This is an R Markdown document. Markdown is a simple formatting syntax for authoring HTML, PDF, and MS Word documents. For more details on using R Markdown see http://rmarkdown.rstudio.com.
When you click the Knit button a document will be generated that includes both content as well as the output of any embedded R code chunks within the document. You can embed an R code chunk like this:
library(dplyr)
##
## Attaching package: 'dplyr'
## The following objects are masked from 'package:stats':
##
## filter, lag
## The following objects are masked from 'package:base':
##
## intersect, setdiff, setequal, union
library(ggplot2)
library(tidyr)
library(stringr)
library(readr)
url <- "http://dl.tufts.edu/file_assets/generic/tufts:MS115.003.001.00001/0"
if (!file.exists("all-votes.tsv")) {
download.file(url, "nnv-all-votes.zip")
unzip("nnv-all-votes.zip", files = "all-votes.tsv")
}
nnv <- read_tsv("all-votes.tsv")
names(nnv) <-names(nnv) %>% str_to_lower() %>% str_replace_all("\\ ", "_")

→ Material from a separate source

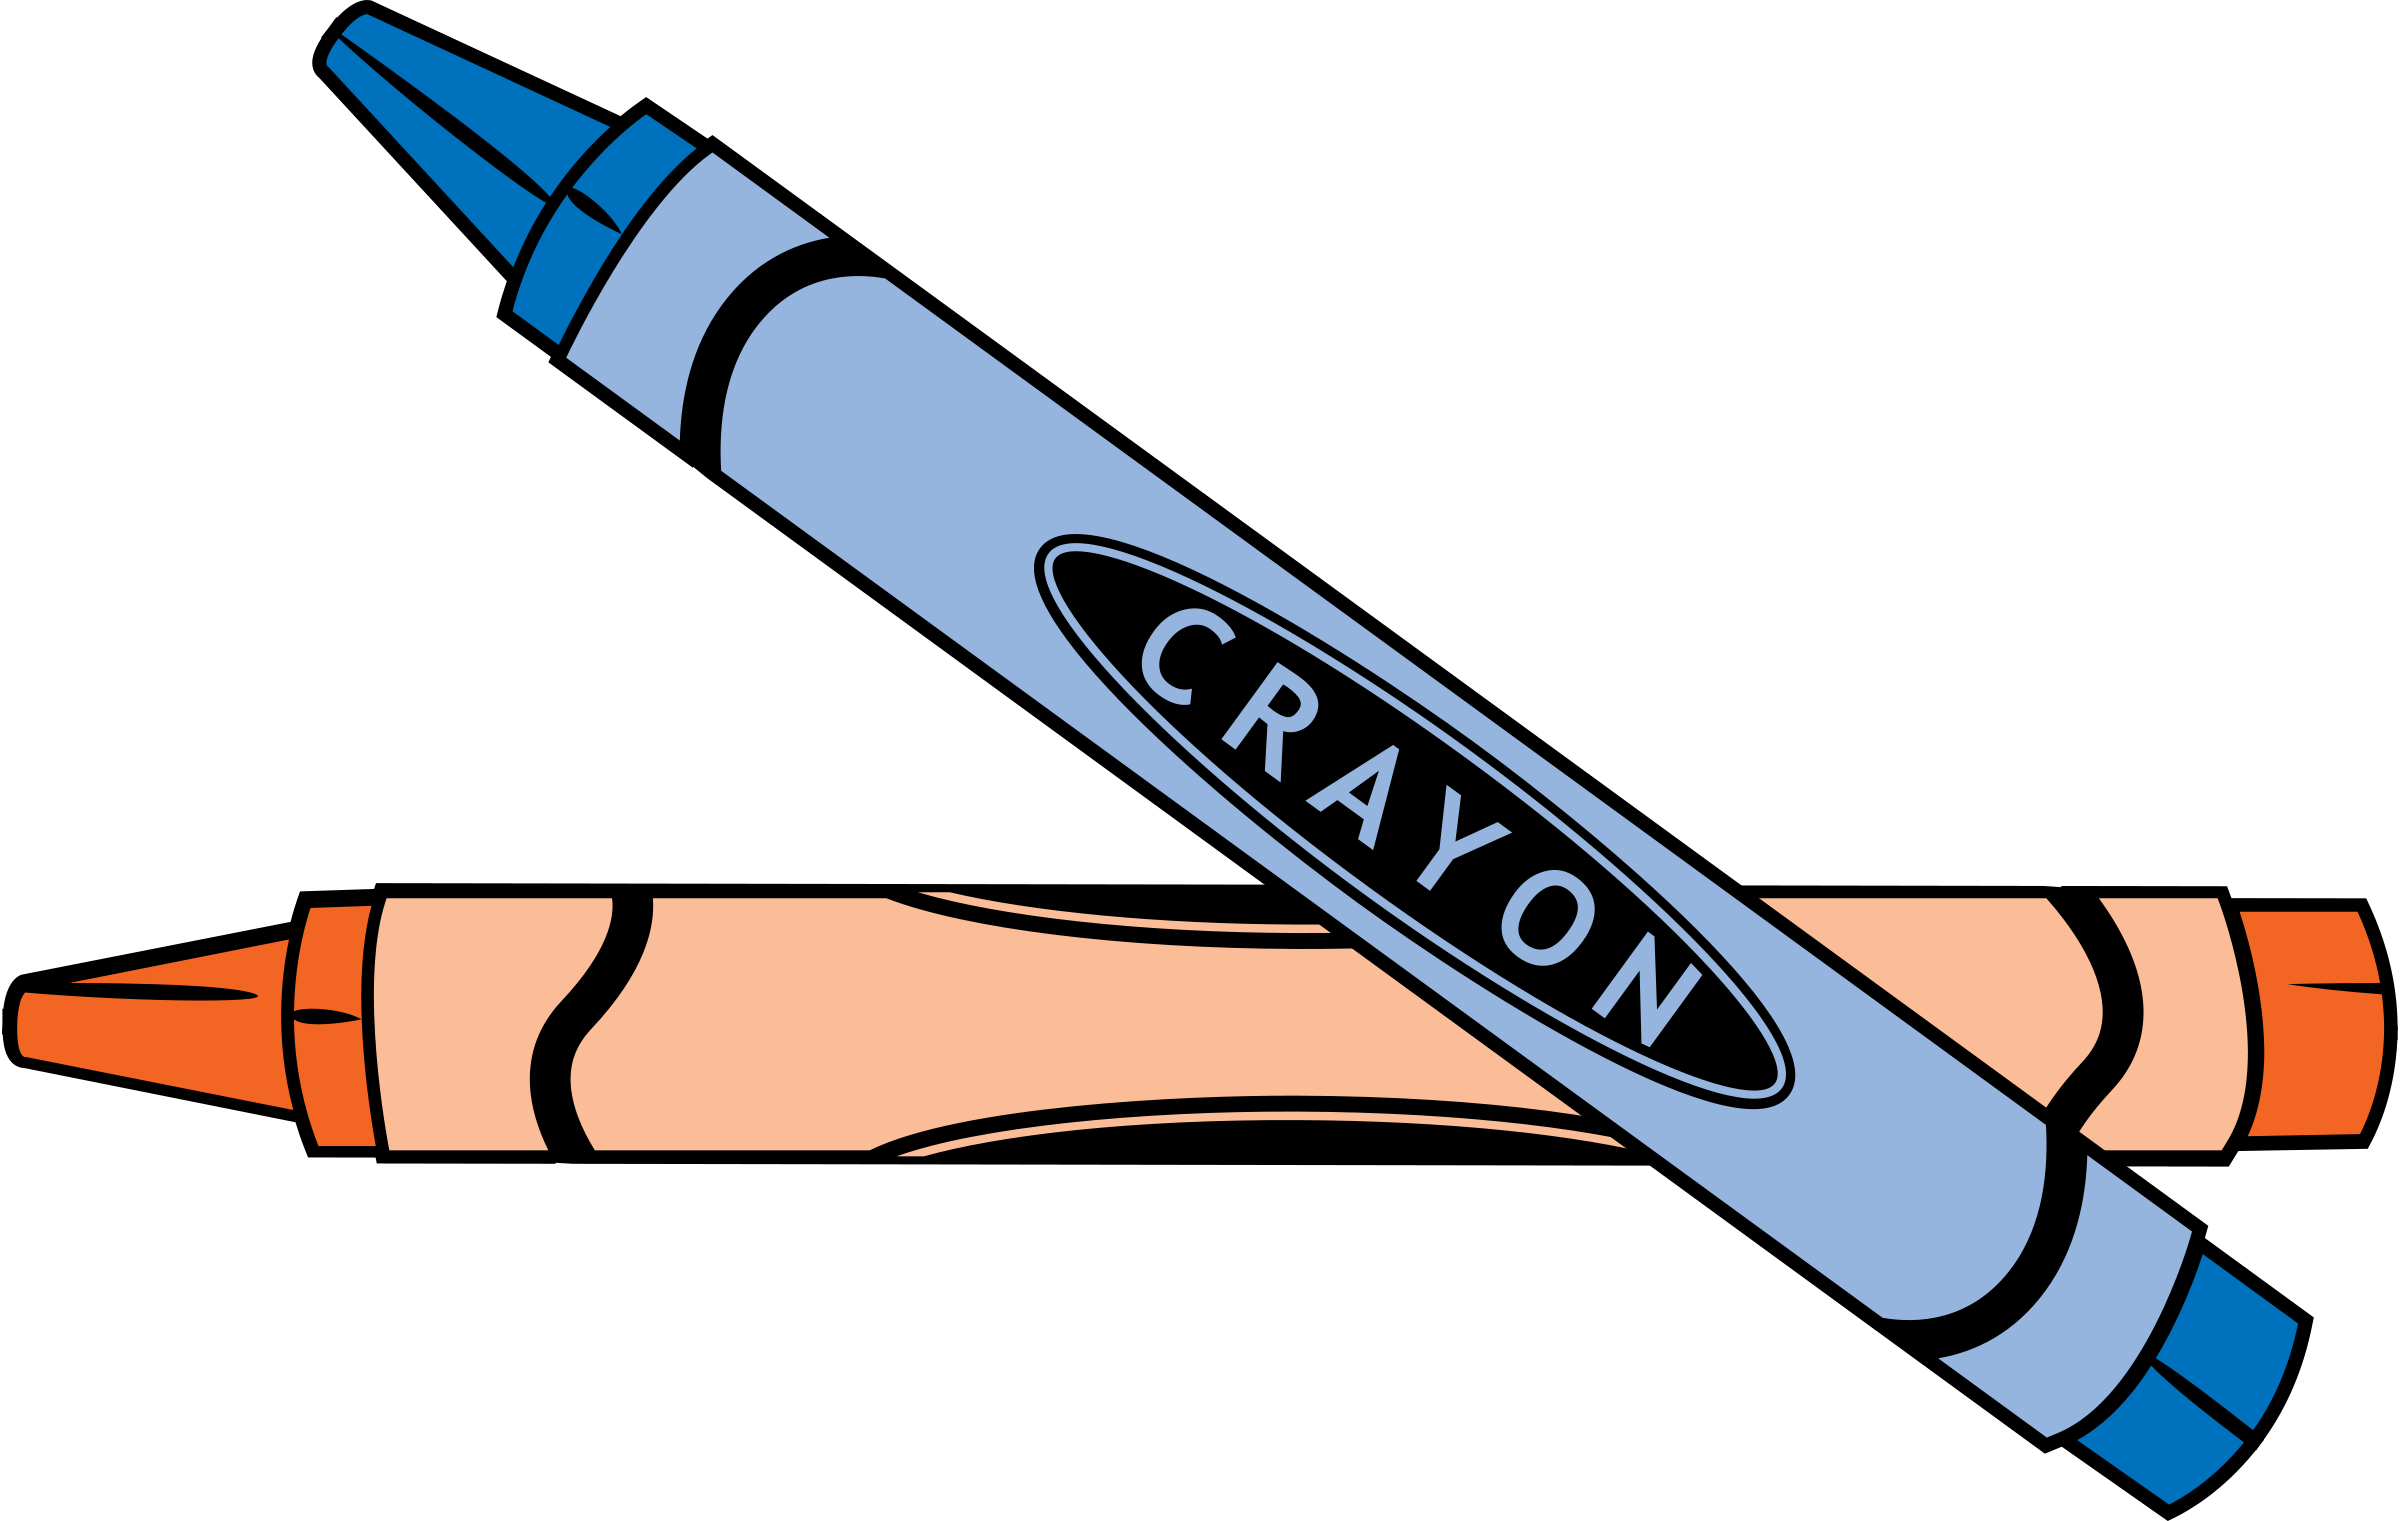 Crayola crayon clipart

- What kinds of elections were there?
nnv$type %>%
unique()
## [1] "General" "Legislative" "Special"
## [4] "Legislastive" "Special Legislative" "Special Election"
There are five different elections recorded in the dataset. However, their is a transcribing error that lists “Legislative” as “Legislastive.”

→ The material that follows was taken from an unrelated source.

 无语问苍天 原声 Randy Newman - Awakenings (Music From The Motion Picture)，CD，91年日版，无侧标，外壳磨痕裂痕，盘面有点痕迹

- How many of each kind of election?
nnv %>% count(type)
## Source: local data frame [6 x 2]
##
## type n
## (chr) (int)
## 1 General 620179
## 2 Legislastive 11
## 3 Legislative 24576
## 4 Special 14770
## 5 Special Election 14
## 6 Special Legislative 75
ggplot(nnv, aes(x = type)) +
geom_bar(stat = "count")
- How many candidates and how often do they appear?

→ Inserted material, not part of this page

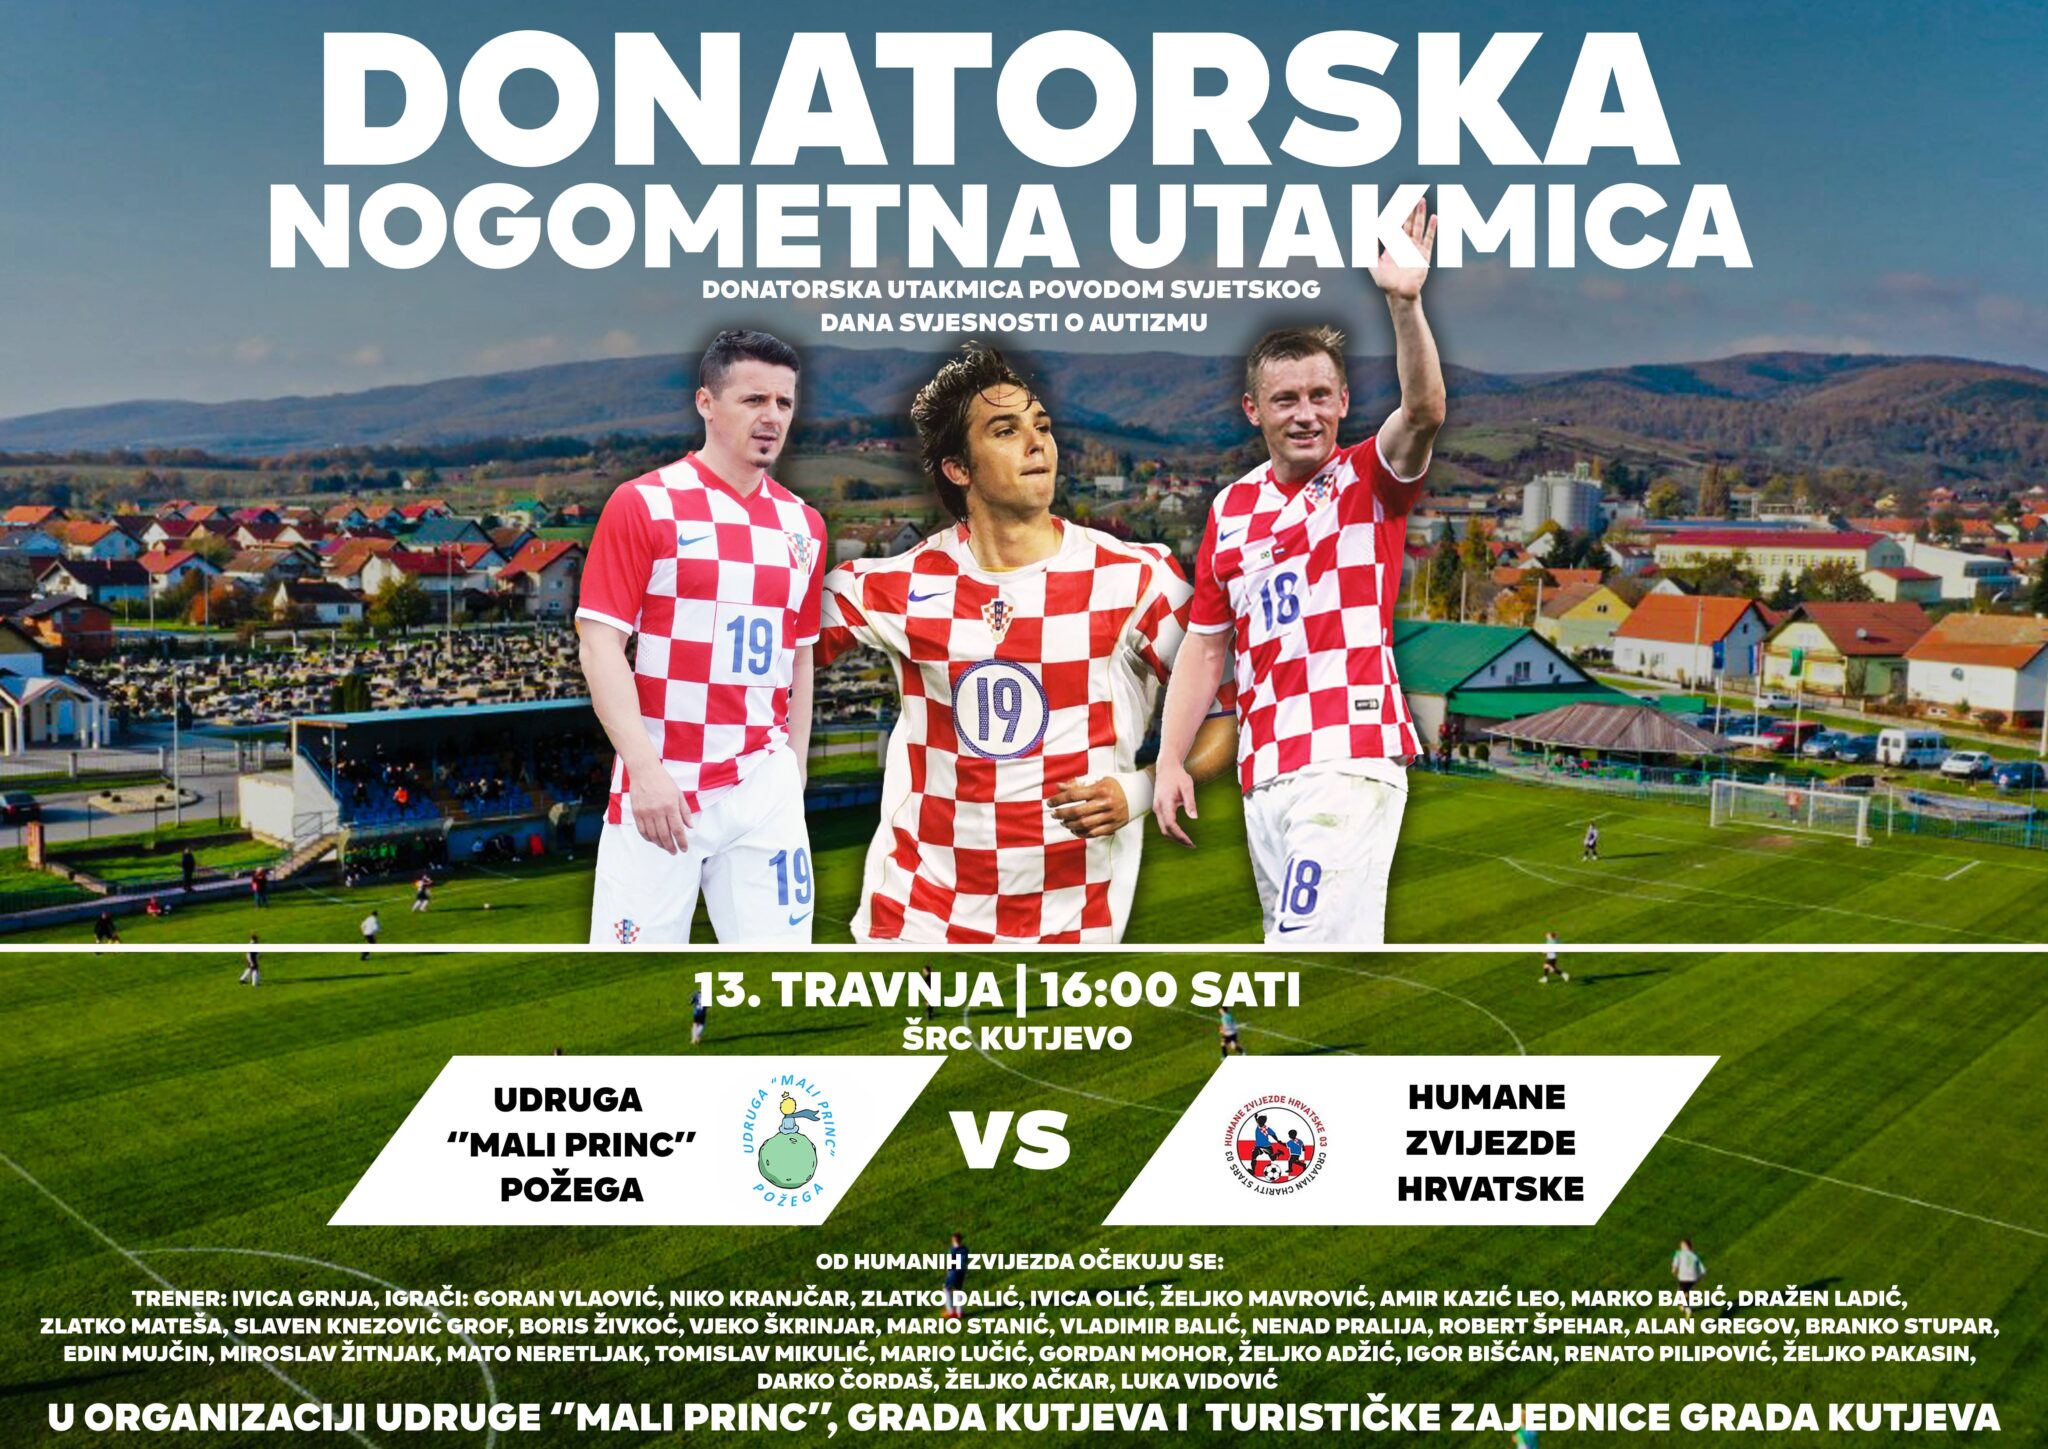 Požega.eu | Donatorska nogometna utakmica nam se bliži: U Kutjevo dolaze Dalić, Kranjčar, Olić, Vlaović i druge legende

nnv_clean_nameID <- nnv%>%
filter(name_id!="null")
nnv_clean_nameID$name_id %>%
unique() %>%
length()
## [1] 33761
nnv %>% count(name, name_id) %>%
ungroup() %>%
arrange(desc(n))
## Source: local data frame [41,738 x 3]
##
## name name_id n
## (chr) (chr) (int)
## 1 Caleb Strong SC0023 6282
## 2 William Phillips PW0081 6136
## 3 Elbridge Gerry GE0049 5420
## 4 others null 3993
## 5 James Sullivan SJ0366 3930
## 6 William Heath HW0171 3910
## 7 Edward H. Robbins RE0018 3693
## 8 scattering null 3650
## 9 Samuel Adams AS0022 3390
## 10 Moses Gill GM0022 3298
## .. ... ... ...
There are a total of 33,761 different candidates over the timespan of this dataset. I removed teh “null” values from the name_id column. The most common individual in the dataset is “Caleb Strong” with 6282 observations.
- Which parties?
nnv_aff<- nnv %>%
filter(affiliation != "null")
nnv_aff$affiliation %>%
unique()
## [1] "Federalist"
## [2] "Democrat"
## [3] "Republican"
## [4] "Democratic"
## [5] "Pro-Slavery"
## [6] "Restrictionist"
## [7] "Anti-Restrictionist"
## [8] "Coalition"
## [9] "Federal"
## [10] "Republicans"
## [11] "Federalists"
## [12] "Clintonian"
## [13] "Bucktail"
## [14] "Quid"
## [15] "Lewis Ticket"
## [16] "Clinton Ticket"
## [17] "Lewisite"
## [18] "Anti-Division"
## [19] "Division"
## [20] "Administration"
## [21] "Anti-Administration"
## [22] "Administration Ticket"
## [23] "Tammany Ticket"
## [24] "Clintonian Ticket"
## [25] "Anti-Federal"
## [26] "Anti-Federalist"
## [27] "Clintonian / Federal"
## [28] "Federalist/Clintonian"
## [29] "Independent/Federalist"
## [30] "Indepedent/Federalist"
## [31] "1st Ticket Democratic Republican"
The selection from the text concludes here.